The program's broader impact is especially important because it is the most visible effect of the 2003 Women's Initiative report on undergraduates, said Donna Lisker, associate dean for undergraduate education and co-director of the Baldwin Scholars program.

"There has been a lot of pressure on the Baldwins to change things on campus and be this huge revolutionary force," said the Baldwins' Presiding Officer Roshen Sethna, a senior. "We are really involved in a sort of grassroots movement."

Baldwins have had impact on campus culture by teaching house courses and becoming involved in their sororities, she said.

The scholars can also help foster discussion on campus, said Baldwin Secretary Ryan Ingram, a sophomore. She said she would like to see the Baldwins collaborate further with the Women's Center.

Ingram added that Baldwins would use the report to debate and discuss ways to impact campus culture, noting that they hoped to create a positive dialogue about cultural alternatives.

"We all feel very good about the effects that the program has had on the individual scholars. One of the things that we are thinking about and struggling with is how do you quantify the effects on the larger campus," Lisker said. "One of our Baldwins-[senior Meredith Estren, Last Day of Classes Committee chair]-is leading LDOC this year, but what does it mean that she's a Baldwin?"

The report included suggestions for the Baldwin program itself and a list of 11 recommendations for Nowicki and other Duke administrators. One proposal is to explore the possibility of expanding the program and creating a second Baldwin section.

But the program will not grow beyond its current enrollment of 18 women per class in the near future, primarily due to financial constraints, Co-director Emily Klein said. Sethna and Ingram said they had conflicting feelings about possible future expansion.

The survey questions about the high selectivity features of the program produced the most hesitant responses, according to the report. Some respondents wondered if a randomly selected or larger group would have a more positive impact on campus culture.

"I personally find that the exclusivity of it allows us to build a community among ourselves and that it is one of the best aspects of the program for us scholars," Ingram said. "I've come to think of these girls as my family."

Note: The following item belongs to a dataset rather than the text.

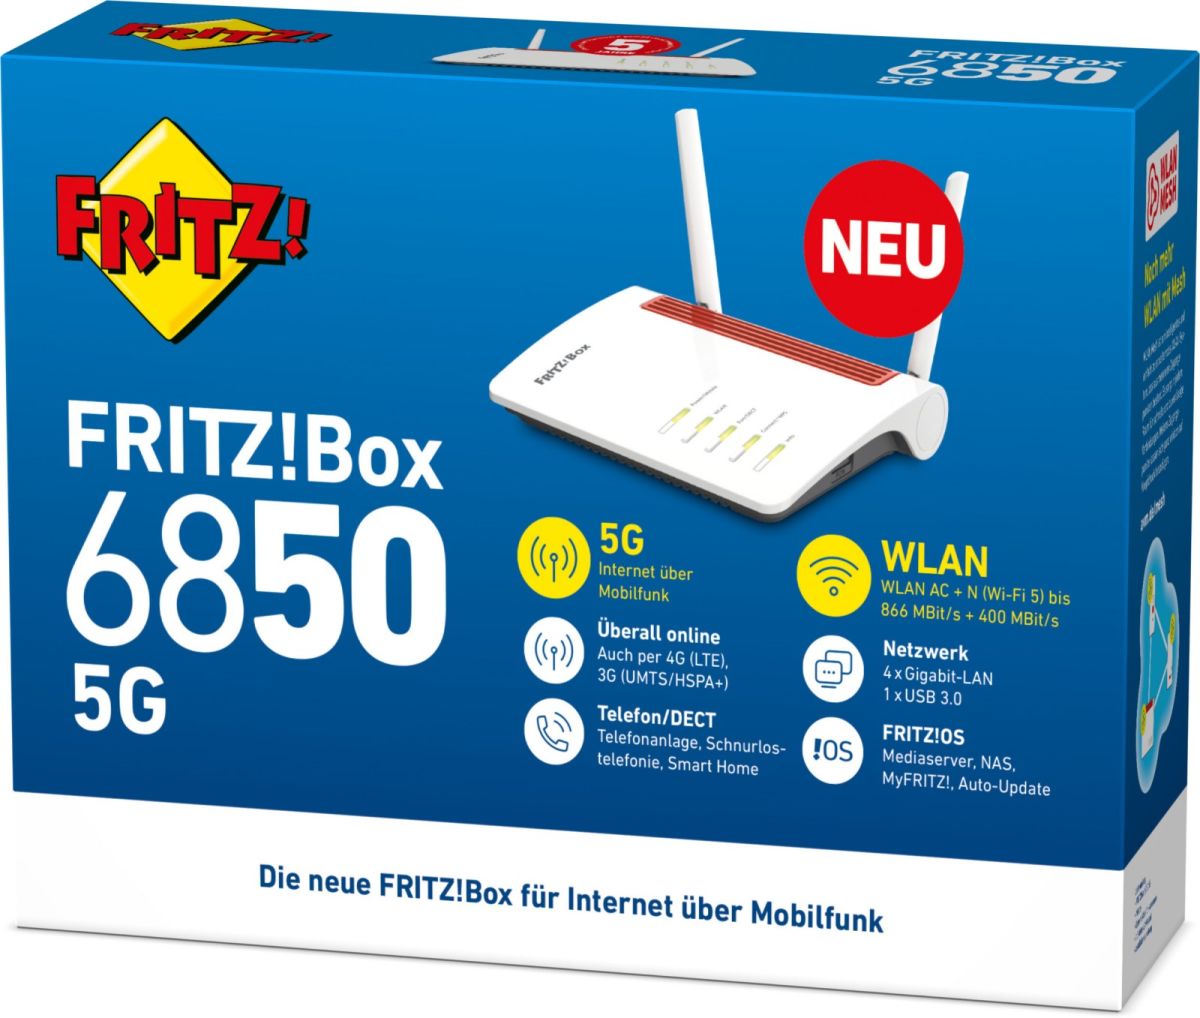 WLAN Router FRITZ!Box 6850 5G

Another concern raised in the report was the predominance of males that currently exists among selective living groups on campus. Baldwin scholars are the only all-female SLG, and Ingram said she thought the gender imbalance among SLGs was the source of many of the cultural difficulties that women face at Duke.

"I do acknowledge that there are issues with housing, but I think we need to take an integrative approach," said Steve Nowicki, vice provost and dean of undergraduate education, who reviewed the report in the meeting with Brodhead. "This is part of our thinking over time.... The Baldwin section itself is a step in the right direction."

Another recommendation from the report was to develop a similar program for men to address campus gender roles.

Nowicki noted that the Women's Center intends to hire someone who specializes in gender issues relating to men.

"It's not that we need to remediate men and make them good," he said. "There are gender issues that men can contribute to in ways that are... deeper and broader than that."